Start of Data under study
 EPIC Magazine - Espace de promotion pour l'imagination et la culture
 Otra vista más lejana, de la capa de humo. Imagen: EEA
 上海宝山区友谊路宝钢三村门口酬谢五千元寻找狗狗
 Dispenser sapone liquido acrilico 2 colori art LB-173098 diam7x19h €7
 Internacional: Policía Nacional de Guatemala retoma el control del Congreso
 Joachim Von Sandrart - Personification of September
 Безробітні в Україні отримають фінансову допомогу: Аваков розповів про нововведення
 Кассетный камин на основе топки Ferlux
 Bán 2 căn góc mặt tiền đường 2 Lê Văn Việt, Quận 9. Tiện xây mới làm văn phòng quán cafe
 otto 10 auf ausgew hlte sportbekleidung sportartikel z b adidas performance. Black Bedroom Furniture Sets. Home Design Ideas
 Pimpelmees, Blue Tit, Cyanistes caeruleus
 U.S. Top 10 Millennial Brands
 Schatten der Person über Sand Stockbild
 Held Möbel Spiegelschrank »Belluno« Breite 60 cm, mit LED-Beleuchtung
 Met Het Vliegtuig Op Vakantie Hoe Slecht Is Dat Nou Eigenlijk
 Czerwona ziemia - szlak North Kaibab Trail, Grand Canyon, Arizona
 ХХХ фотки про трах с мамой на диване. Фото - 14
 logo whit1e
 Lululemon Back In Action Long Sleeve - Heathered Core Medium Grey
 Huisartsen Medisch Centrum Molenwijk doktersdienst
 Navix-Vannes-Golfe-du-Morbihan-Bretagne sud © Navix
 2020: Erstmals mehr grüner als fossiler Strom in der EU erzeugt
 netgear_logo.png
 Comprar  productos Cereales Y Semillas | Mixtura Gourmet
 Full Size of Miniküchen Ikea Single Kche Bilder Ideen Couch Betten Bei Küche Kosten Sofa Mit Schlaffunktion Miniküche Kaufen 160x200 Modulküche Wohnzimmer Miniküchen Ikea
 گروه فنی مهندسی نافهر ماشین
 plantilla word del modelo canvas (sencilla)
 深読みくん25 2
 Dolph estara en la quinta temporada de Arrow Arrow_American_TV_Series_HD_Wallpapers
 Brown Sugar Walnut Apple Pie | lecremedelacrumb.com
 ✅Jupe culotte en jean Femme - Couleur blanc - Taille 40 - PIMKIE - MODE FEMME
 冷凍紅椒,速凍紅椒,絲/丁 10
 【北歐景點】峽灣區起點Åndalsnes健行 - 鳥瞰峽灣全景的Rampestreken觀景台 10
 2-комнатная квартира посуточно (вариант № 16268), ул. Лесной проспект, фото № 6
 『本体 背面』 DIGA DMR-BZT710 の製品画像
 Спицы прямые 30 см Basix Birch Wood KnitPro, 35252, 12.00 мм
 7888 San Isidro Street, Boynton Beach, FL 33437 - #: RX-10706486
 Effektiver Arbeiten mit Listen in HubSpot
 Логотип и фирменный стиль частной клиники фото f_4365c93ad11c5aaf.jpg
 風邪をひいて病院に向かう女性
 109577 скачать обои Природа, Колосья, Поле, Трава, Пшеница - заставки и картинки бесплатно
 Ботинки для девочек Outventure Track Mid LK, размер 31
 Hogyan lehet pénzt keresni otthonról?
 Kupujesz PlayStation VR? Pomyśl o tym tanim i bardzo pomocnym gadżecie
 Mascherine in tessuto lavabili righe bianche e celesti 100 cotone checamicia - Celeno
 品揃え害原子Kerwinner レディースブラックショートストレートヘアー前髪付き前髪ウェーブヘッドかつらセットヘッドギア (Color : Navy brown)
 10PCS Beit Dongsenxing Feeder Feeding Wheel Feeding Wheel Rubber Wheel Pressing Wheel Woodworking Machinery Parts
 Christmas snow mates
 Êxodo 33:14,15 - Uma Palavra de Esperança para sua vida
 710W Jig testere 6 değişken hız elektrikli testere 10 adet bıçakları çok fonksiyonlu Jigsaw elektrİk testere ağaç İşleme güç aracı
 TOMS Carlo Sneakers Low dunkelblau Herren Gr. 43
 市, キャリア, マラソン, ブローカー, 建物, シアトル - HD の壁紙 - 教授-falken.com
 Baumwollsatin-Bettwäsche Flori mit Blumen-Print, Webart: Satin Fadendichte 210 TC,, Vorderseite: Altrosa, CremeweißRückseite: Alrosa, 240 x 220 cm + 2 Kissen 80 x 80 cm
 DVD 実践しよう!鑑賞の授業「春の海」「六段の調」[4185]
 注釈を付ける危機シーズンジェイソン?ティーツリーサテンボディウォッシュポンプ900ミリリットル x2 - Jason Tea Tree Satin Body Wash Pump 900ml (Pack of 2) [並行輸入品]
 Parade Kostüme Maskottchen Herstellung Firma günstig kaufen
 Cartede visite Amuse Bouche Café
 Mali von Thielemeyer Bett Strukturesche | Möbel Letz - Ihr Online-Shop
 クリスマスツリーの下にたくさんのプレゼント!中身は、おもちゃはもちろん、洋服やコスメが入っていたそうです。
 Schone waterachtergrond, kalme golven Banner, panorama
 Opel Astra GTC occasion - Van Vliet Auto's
End of Data under study
An exact reproduction of all the entries above is required.

» Answer space
 EPIC Magazine - Espace de promotion pour l'imagination et la culture
 Otra vista más lejana, de la capa de humo. Imagen: EEA
 上海宝山区友谊路宝钢三村门口酬谢五千元寻找狗狗
 Dispenser sapone liquido acrilico 2 colori art LB-173098 diam7x19h €7
 Internacional: Policía Nacional de Guatemala retoma el control del Congreso
 Joachim Von Sandrart - Personification of September
 Безробітні в Україні отримають фінансову допомогу: Аваков розповів про нововведення
 Кассетный камин на основе топки Ferlux
 Bán 2 căn góc mặt tiền đường 2 Lê Văn Việt, Quận 9. Tiện xây mới làm văn phòng quán cafe
 otto 10 auf ausgew hlte sportbekleidung sportartikel z b adidas performance. Black Bedroom Furniture Sets. Home Design Ideas
 Pimpelmees, Blue Tit, Cyanistes caeruleus
 U.S. Top 10 Millennial Brands
 Schatten der Person über Sand Stockbild
 Held Möbel Spiegelschrank »Belluno« Breite 60 cm, mit LED-Beleuchtung
 Met Het Vliegtuig Op Vakantie Hoe Slecht Is Dat Nou Eigenlijk
 Czerwona ziemia - szlak North Kaibab Trail, Grand Canyon, Arizona
 ХХХ фотки про трах с мамой на диване. Фото - 14
 logo whit1e
 Lululemon Back In Action Long Sleeve - Heathered Core Medium Grey
 Huisartsen Medisch Centrum Molenwijk doktersdienst
 Navix-Vannes-Golfe-du-Morbihan-Bretagne sud © Navix
 2020: Erstmals mehr grüner als fossiler Strom in der EU erzeugt
 netgear_logo.png
 Comprar  productos Cereales Y Semillas | Mixtura Gourmet
 Full Size of Miniküchen Ikea Single Kche Bilder Ideen Couch Betten Bei Küche Kosten Sofa Mit Schlaffunktion Miniküche Kaufen 160x200 Modulküche Wohnzimmer Miniküchen Ikea
 گروه فنی مهندسی نافهر ماشین
 plantilla word del modelo canvas (sencilla)
 深読みくん25 2
 Dolph estara en la quinta temporada de Arrow Arrow_American_TV_Series_HD_Wallpapers
 Brown Sugar Walnut Apple Pie | lecremedelacrumb.com
 ✅Jupe culotte en jean Femme - Couleur blanc - Taille 40 - PIMKIE - MODE FEMME
 冷凍紅椒,速凍紅椒,絲/丁 10
 【北歐景點】峽灣區起點Åndalsnes健行 - 鳥瞰峽灣全景的Rampestreken觀景台 10
 2-комнатная квартира посуточно (вариант № 16268), ул. Лесной проспект, фото № 6
 『本体 背面』 DIGA DMR-BZT710 の製品画像
 Спицы прямые 30 см Basix Birch Wood KnitPro, 35252, 12.00 мм
 7888 San Isidro Street, Boynton Beach, FL 33437 - #: RX-10706486
 Effektiver Arbeiten mit Listen in HubSpot
 Логотип и фирменный стиль частной клиники фото f_4365c93ad11c5aaf.jpg
 風邪をひいて病院に向かう女性
 109577 скачать обои Природа, Колосья, Поле, Трава, Пшеница - заставки и картинки бесплатно
 Ботинки для девочек Outventure Track Mid LK, размер 31
 Hogyan lehet pénzt keresni otthonról?
 Kupujesz PlayStation VR? Pomyśl o tym tanim i bardzo pomocnym gadżecie
 Mascherine in tessuto lavabili righe bianche e celesti 100 cotone checamicia - Celeno
 品揃え害原子Kerwinner レディースブラックショートストレートヘアー前髪付き前髪ウェーブヘッドかつらセットヘッドギア (Color : Navy brown)
 10PCS Beit Dongsenxing Feeder Feeding Wheel Feeding Wheel Rubber Wheel Pressing Wheel Woodworking Machinery Parts
 Christmas snow mates
 Êxodo 33:14,15 - Uma Palavra de Esperança para sua vida
 710W Jig testere 6 değişken hız elektrikli testere 10 adet bıçakları çok fonksiyonlu Jigsaw elektrİk testere ağaç İşleme güç aracı
 TOMS Carlo Sneakers Low dunkelblau Herren Gr. 43
 市, キャリア, マラソン, ブローカー, 建物, シアトル - HD の壁紙 - 教授-falken.com
 Baumwollsatin-Bettwäsche Flori mit Blumen-Print, Webart: Satin Fadendichte 210 TC,, Vorderseite: Altrosa, CremeweißRückseite: Alrosa, 240 x 220 cm + 2 Kissen 80 x 80 cm
 DVD 実践しよう!鑑賞の授業「春の海」「六段の調」[4185]
 注釈を付ける危機シーズンジェイソン?ティーツリーサテンボディウォッシュポンプ900ミリリットル x2 - Jason Tea Tree Satin Body Wash Pump 900ml (Pack of 2) [並行輸入品]
 Parade Kostüme Maskottchen Herstellung Firma günstig kaufen
 Cartede visite Amuse Bouche Café
 Mali von Thielemeyer Bett Strukturesche | Möbel Letz - Ihr Online-Shop
 クリスマスツリーの下にたくさんのプレゼント!中身は、おもちゃはもちろん、洋服やコスメが入っていたそうです。
 Schone waterachtergrond, kalme golven Banner, panorama
 Opel Astra GTC occasion - Van Vliet Auto's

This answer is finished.